Весьма-желательно было бы, чтоб экспедиция французов в Сирию не осталась пустой демонстрацией. Восстановить власть султана не значит только заставить врагов вложить оружие в ножны; для достижения такого результата достаточно было Фуада-Паши и напрасно было бы посылать французскую дивизию, если ее назначение заключается только в том, чтоб прекратить своим присутствием резню, грабеж и пожары. Все эти требования должны быть настоятельнее для султана, чем для европейцев, потому-что он потерял больше всех и потерпит еще более при возобновлении таких событий. Он теряет уважение и доверие прочих держав к своему правительству во всяком деле, подобном сирийскому.
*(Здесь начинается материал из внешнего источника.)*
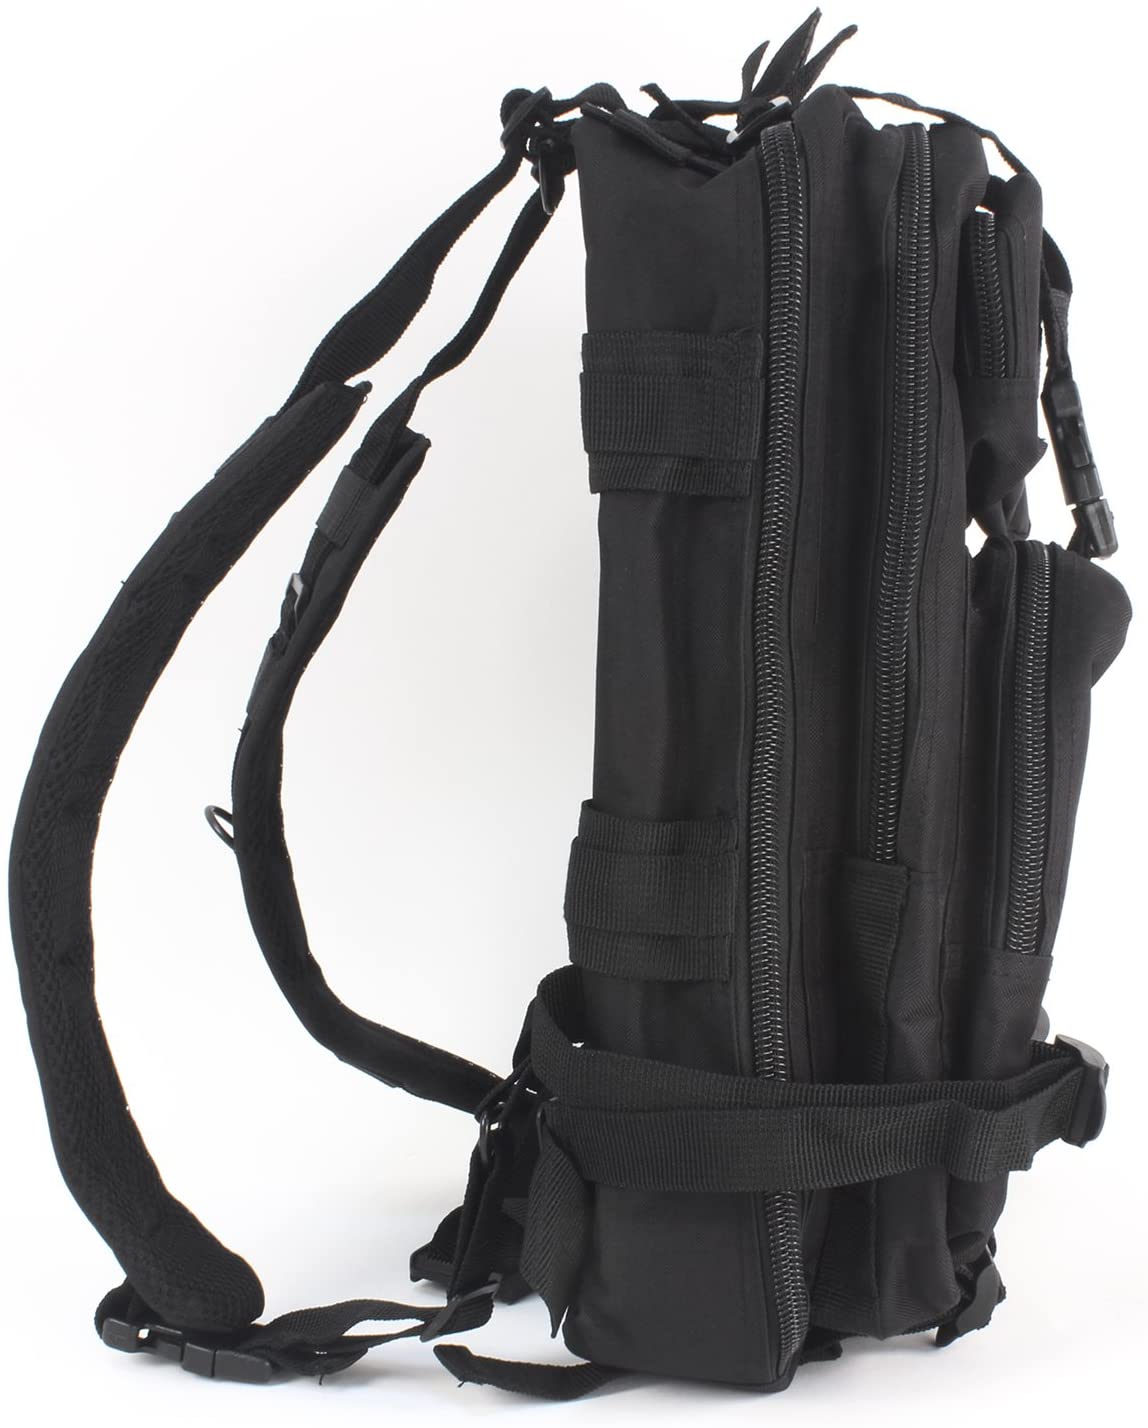 MediTac Tactical Assault Pack - First Aid Rucksack - 18" Military MOLLE Backpack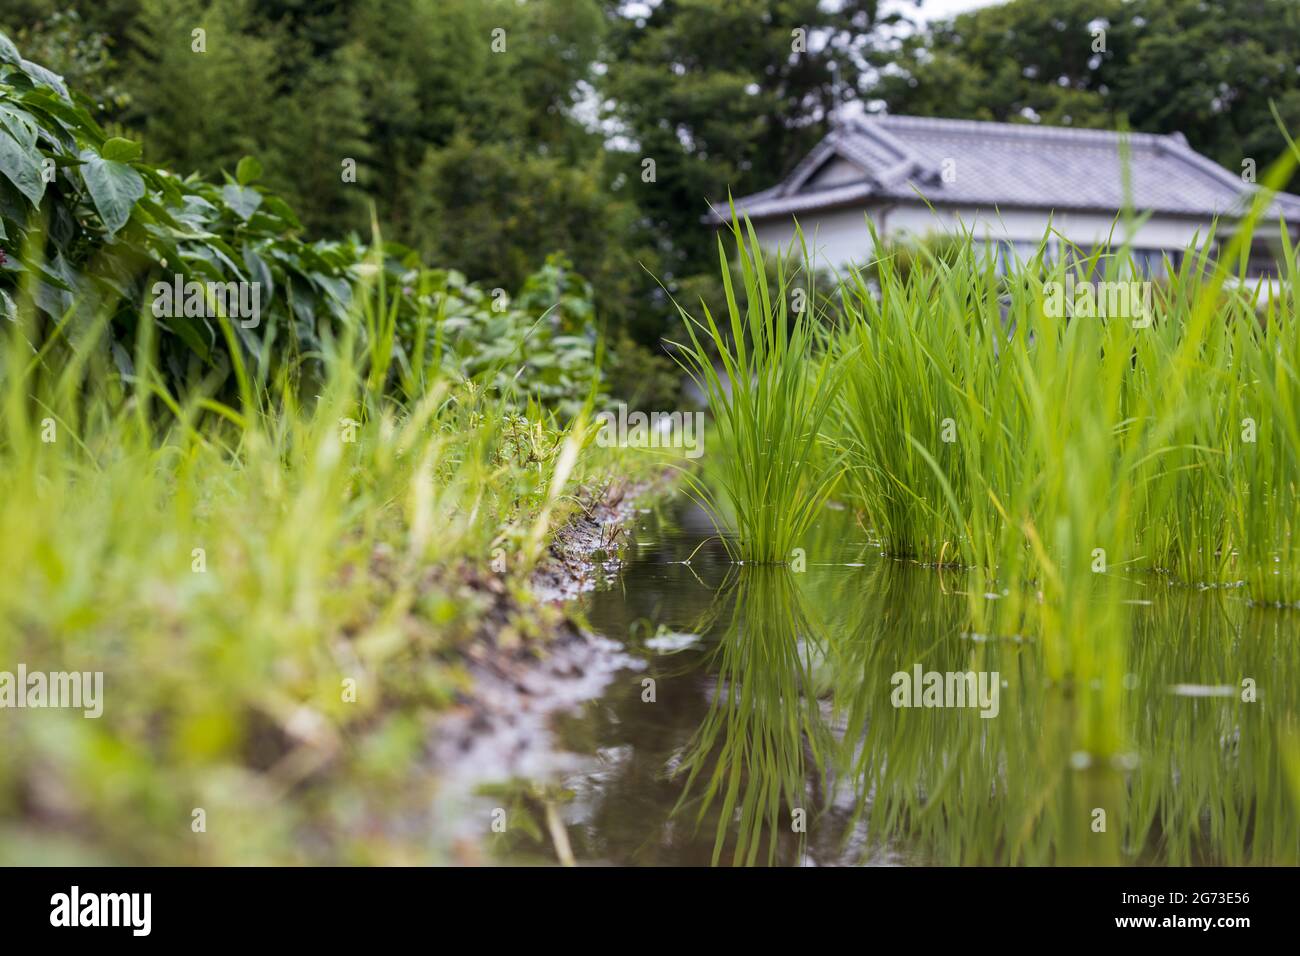 Ground-level view of fresh rice in flooded field Stock Photo

Англия требует в настоящее время возвращения французских войск из Сирии после полугодового их пребывании там. Занятие Сирии на такой короткий срок европейскими войсками вряд-ли может принести существенную пользу стране. Недавно сделаюсь известным о намерении европейских держав составить конгрес для обсуждения сирийского вопроса. Приведению в исполнение решений конгреса, без-сомнения, прочнее всего помогла бы европейская коммиссия, специально-назначенная для Сирии, с известным полномочием от султана, в присутствии французских войск.

Мера вознаграждения за прошлое (деньгами) легко может быть приведена в исполнение и в то же время весьма-действительна. Что ж касается до выбора необходимой гарантии в будущем за прочное спокойствие Сирии, то здесь стоят на каждом шагу затруднения.

Разбирая множество ипотез, предложенных для решения сирийского вопроса, приходим к двум заключениям: вопервых, [106] невыходя из области европейского государственного права и, признавая в то же время верховные права султана, до-сих-пор еще не пришли к удовлетворительному решению; вовторых, смотря на вопрос, выше прав султана, Европа признает необходимым, несмотря на множество затруднений и неудобств, свое вмешательство в дела Востока, в более-широких размерах, чем когда-нибудь.

Положим, что Сирия будет покойна до-тех-пор, пока там будет Фуад-паша с привезенным им из Константинополя войском; но потом? Разве оставят эти войска? А если придется заменить их той недисциплинированной, плохо управляемой, неполучавшей около двух лет жалованья армией, которая показала нам уже свою нравственную силу и значение в последних событиях — что тогда будет?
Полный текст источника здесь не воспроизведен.